I am wondering if anyone has decided to solve a large data set:

  • What equipment did you work on?
  • What language do you work in?
  • What performance tuning methods did you make in your code to work as fast as possible?

I write solutions in Ruby, which is not my everyday language and runs them on my Macbook Pro.

My solutions for task A and task C are on github at http://github.com/tjboudreaux/codejam2010 .

I would appreciate any suggestions you may have.

FWIW, I have a lot of experience in C ++ from college, my main language is PHP, and my sandbox is Ruby.

Whether I was a bit ambitious taking up this in Ruby, not knowing where the language fights for performance, or did anyone see something red that I could not complete a large dataset in time to send.

+4
source share
6 answers

I made the same mistake. I write in Python, which by its nature is slower than other languages. I tried to compile it in C ++ code using ShedSkin, but my algorithm was still too slow.

My solution for Snapper Chain just “worked out” the script. Pseudocode:

set first snapper to powered and off // because it is always powered set all other snappers to unpowered and off repeat K times: for each snapper in chain: // process changes in on-off-ness if powered and on: turn off elif powered and off: turn on for each snapper in chain: // process changes in powered-ness if not first snapper and previous snapper is powered and on: set to powered else: set to unpowered 

Later, I realized a solution based on the fact that (2 ^ n) -1 == a binary number with n-1 right 1, but by that time I had not had time on a large set.

EDIT: It’s better to find a solution on the Competition Analysis page of the code jam control panel.

+1
source

Typically, small data sets are designed to be solved using simple algorithms, but large data sets require some clever ideas to reduce the time required for calculation.
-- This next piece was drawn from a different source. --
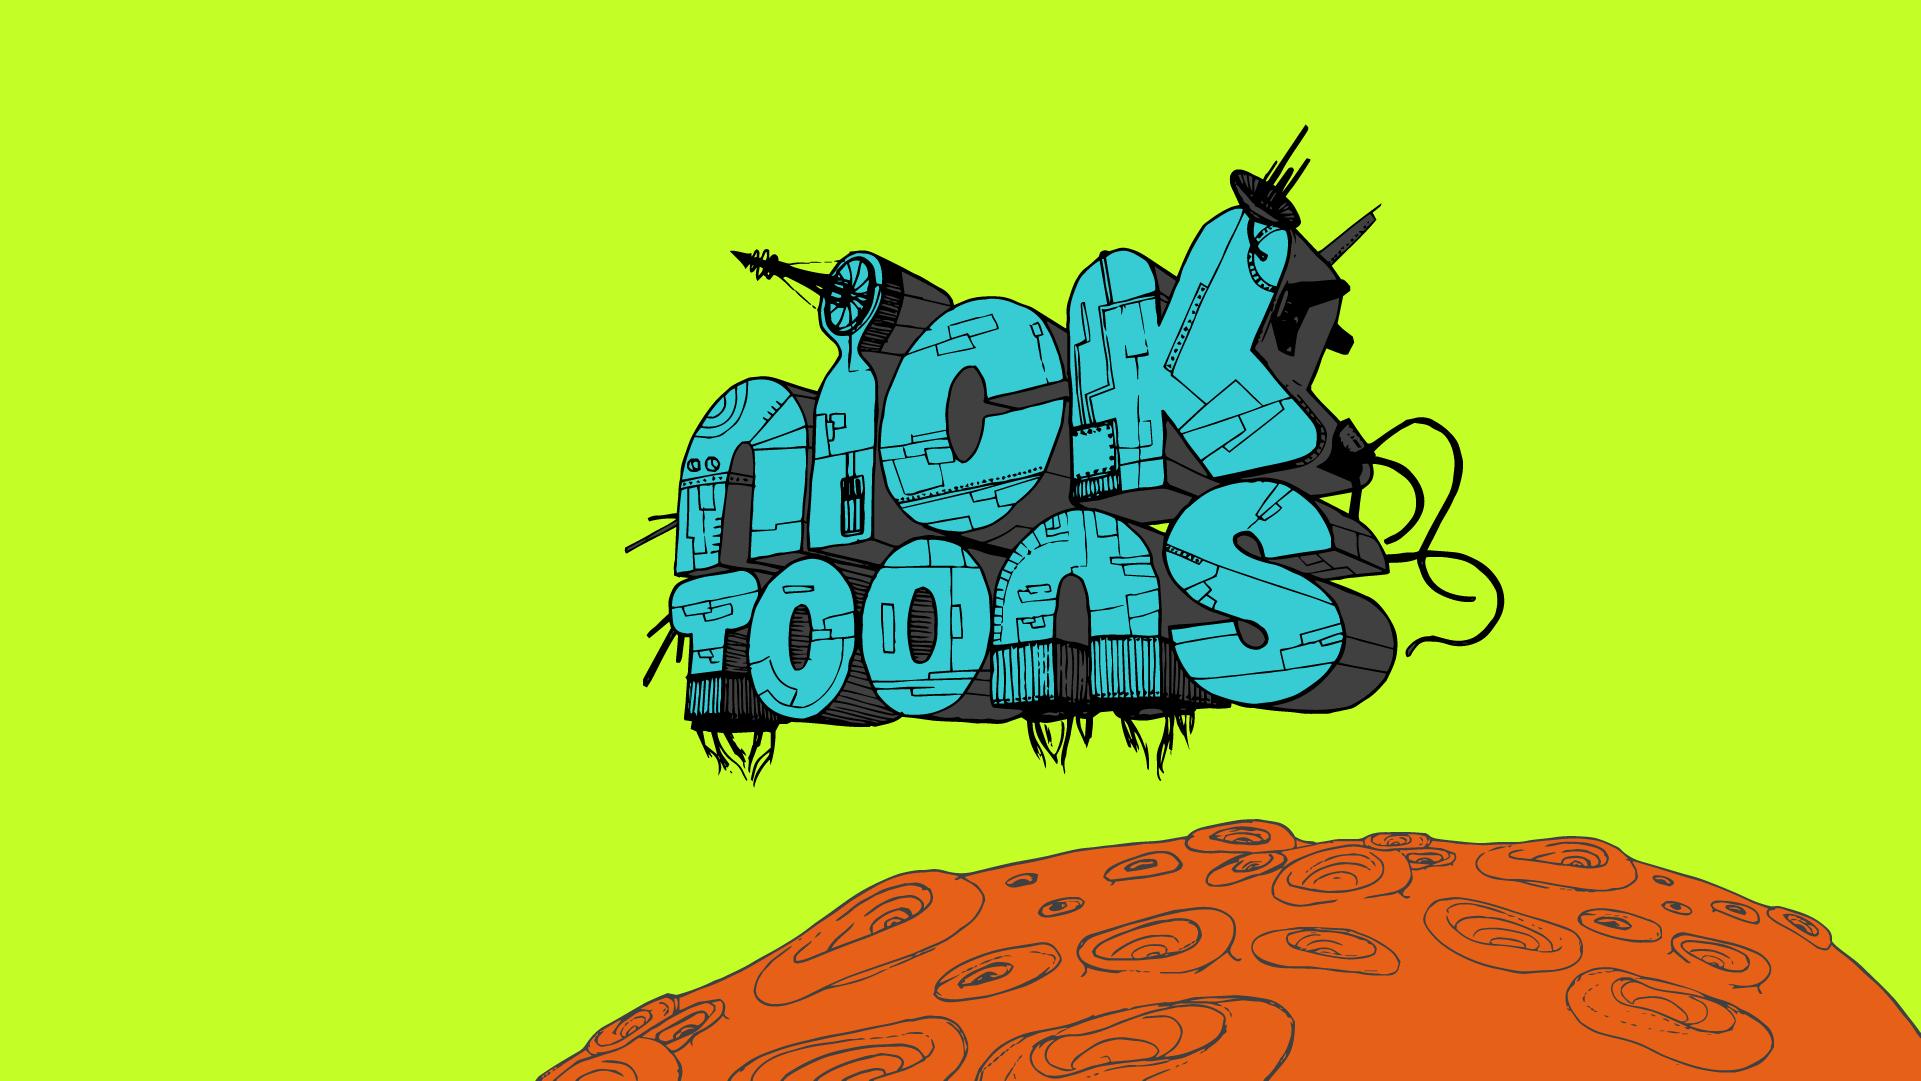 Nicktoons_ID_Spaceship_01.png

Language should not be a big problem here if you have the right algorithm.

+15
source

First, consider the algorithm that you use, and try to calculate its complexity. Then browse the language you use to implement it. It is known that Ruby is slower than other languages, this can affect, especially if the set is very large and the time limits are short.

Take a look at this site Language Tests . It compares different languages ​​in terms of speed, performance, and memory consumption.

+3
source

For GCJ, you need the right algorithm. In addition, I would say that it is much more important how quickly you can encode a program in a language than quickly, given the limited encoding time.

I used Python for GCJ and had no case when the language speed "failed" to me. We can say that Python is 2 times faster than Ruby (per lang.benchmarks shootout); and when I used Psyco (the JIT compiler module), I get about 5x acceleration - but it's a little beer, choosing a language can only lead to a linear increase in speed. Say 10 times, big cheers.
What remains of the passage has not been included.